Entre 1998 y 2005 trabajé con Rolando López. Discutí con él infinidad de casos, de enfoques, de cómo abordar determinadas historias policiales. Siempre me gustó su pasión por la precisión de la noticia, y por aquellos detalles de los que hablábamos al principio; esos que dicen lo que pasa sin mencionarlo del todo, y que le permiten al lector jugar con su propia imaginación; arriesgar su opinión sobre un caso, sobre una historia, de la mano de narraciones impecables. En su nuevo libro, hay mucho de esto. López es un escritor que obliga a pensar a quien lo lee, lo compromete con sus textos

Lo que sigue, es una aproximación al pensamiento de un periodista de policiales “de raza”, de esos que quedan pocos, y que cuesta mucho formar, y conseguir.

-¿Cuándo un simple policial se convierte en una historia?

-Procuro buscar el detalle. La información básica es lo que nos llega de primera mano. Pero yo siempre tengo una frase cuando las fuentes -en general policiales- nos dan información: “…y el ladrón estaba disfrazado de Pato Donald”. Eso sería un detalle interesante… Hoy los hechos son todos muy repetidos… Busco estrujar la historia al máximo para hacer una narración distinta… salir del lugar común…

-¿Cuántos años llevás haciendo policiales?

-Desde 1997.

-¿Cuándo sentiste que las policiales son historias que merecen ser contadas de otra manera?

-Desde chico, siempre leía los policiales en el diario. En casa compraban Los Andes. Me iba directo a la sección Policiales por curiosidad. Ese tipo de noticias me atraía mucho. Recuerdo el caso de unos ladrones que huyeron del robo en taxi, chocaron… se subieron a otro… en una época en la que los asaltos a mano armada eran una cosa rara. Son historias que ocurren acá, con personas de carne y hueso. Los otros personajes, en papel de diario, se veían muy lejanos… los presidentes… el gobernador de Mendoza… eran historias que no me atraían ni me reflejaban. Los sentía ajenos. Recuerdo mucho en Los Andes el título “El Papa abogó por esto… o por lo otro…” En toda mi infancia lectora el Papa se la pasó abogando por algo. Y en los policiales encontraba otra cosa. La gente de aquí, los lugares cercanos. Nosotros ahora estamos acá, entran cinco tipos armados y somos víctimas de un asalto. La gente común termina siendo protagonista. Enrique Symms (*) en la introducción de su último libro dice que las secciones policiales deberían llamarse “delincuenciales”. La gente recuerda siempre a los delincuentes, nunca a los policías… salvo que sean corruptos. Todo el mundo sabe quiénes son el Gordo Valor o la Garza Sosa. Pero hay que tener cuidado, porque los delincuentes -que a los periodistas nos pueden parecer pintorescos- han hecho mucho daño. Muchos han matado gente, destruido familias… No son precisamente personajes románticos…

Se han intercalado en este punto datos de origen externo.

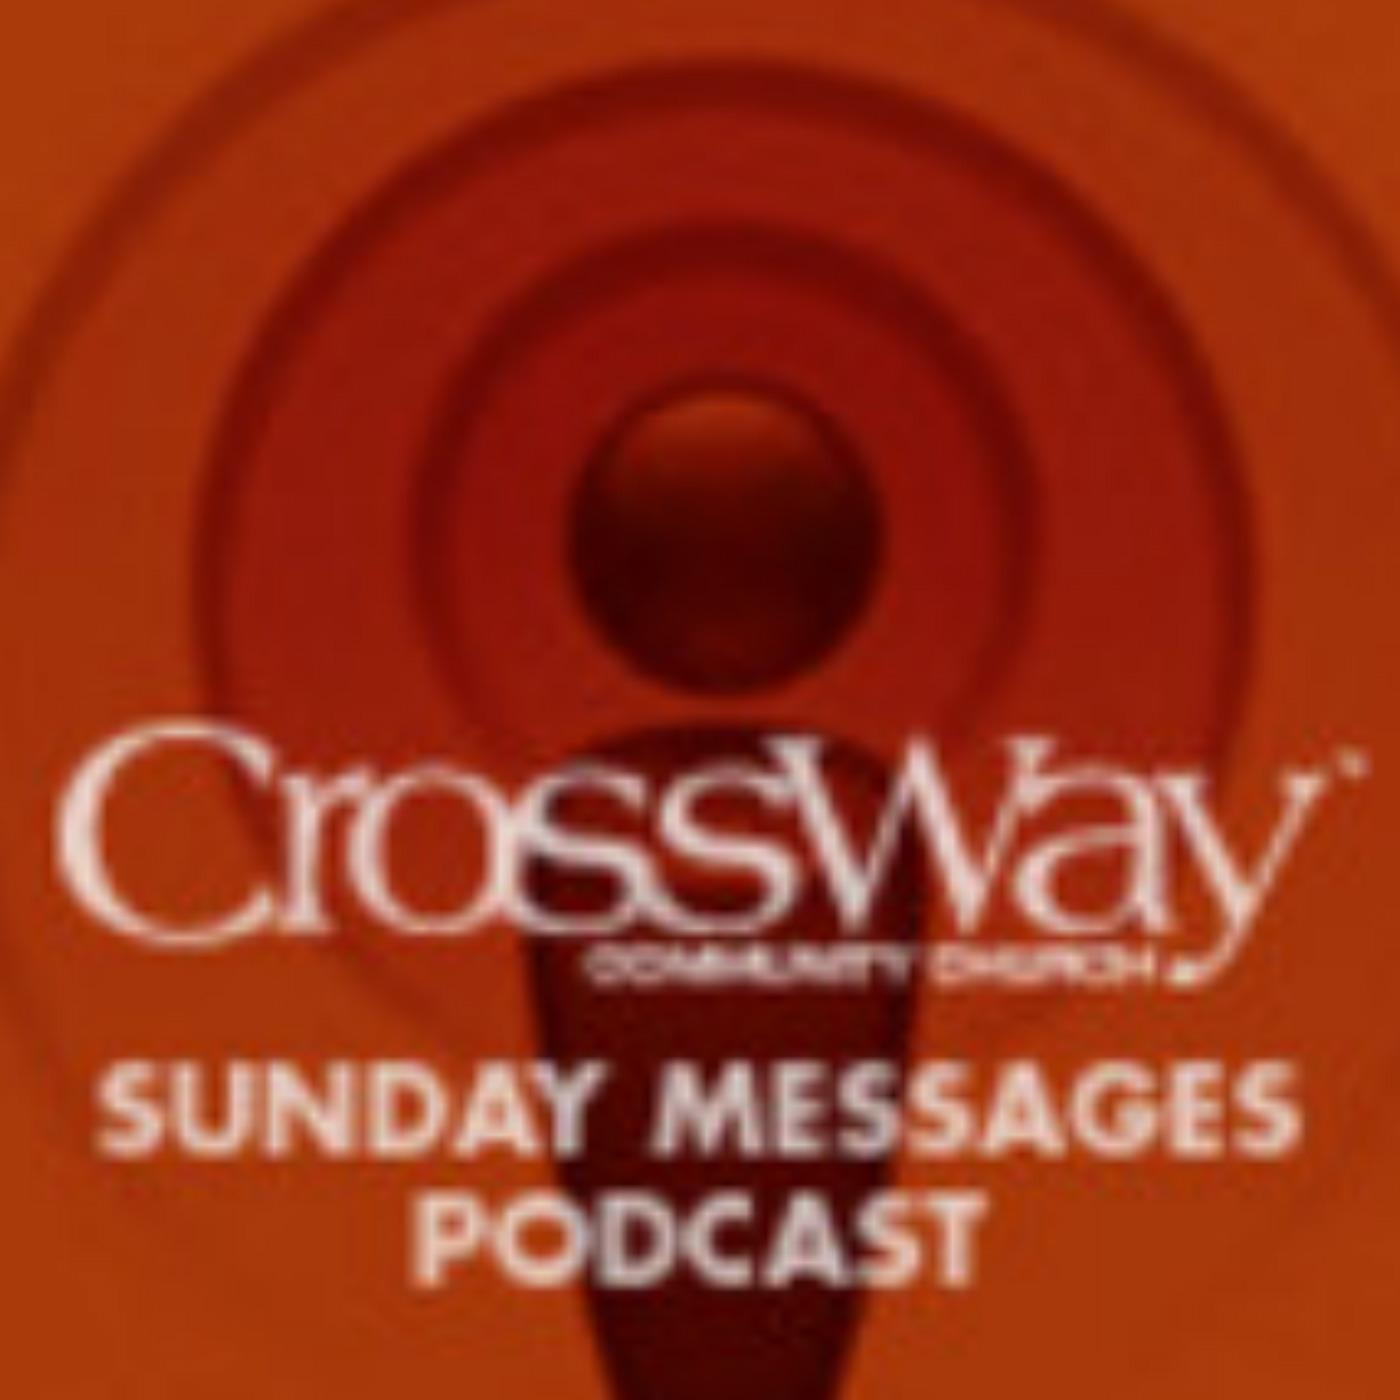 CrossWay Community Podcast

-¿Qué historias aborrecés… sobre qué delitos preferís no escribir?

-Hace poco, un chico de 13 años al que sus compañeros le decían “gordo” fue con un arma a la escuela. Me pareció pésimo cómo se trató en los medios: “Fue con un arma a la escuela porque le decían gordo”. Si al chico le molestaba que le dijesen gordo, que le pasará por la cabeza cuando entienda que todos leyeron en los diarios que había llevado un arma al colegio justamente porque le decían gordo. Me pareció una manera irresponsable de tratar a un chico de 13 años. Desde el periodismo… ¿A quién estamos mandando al frente? ¿A un súper delincuente? No estaba de acuerdo ni siquiera en publicar. Con ese tipo de menores hay que tener mucho cuidado y no estigmatizarlos.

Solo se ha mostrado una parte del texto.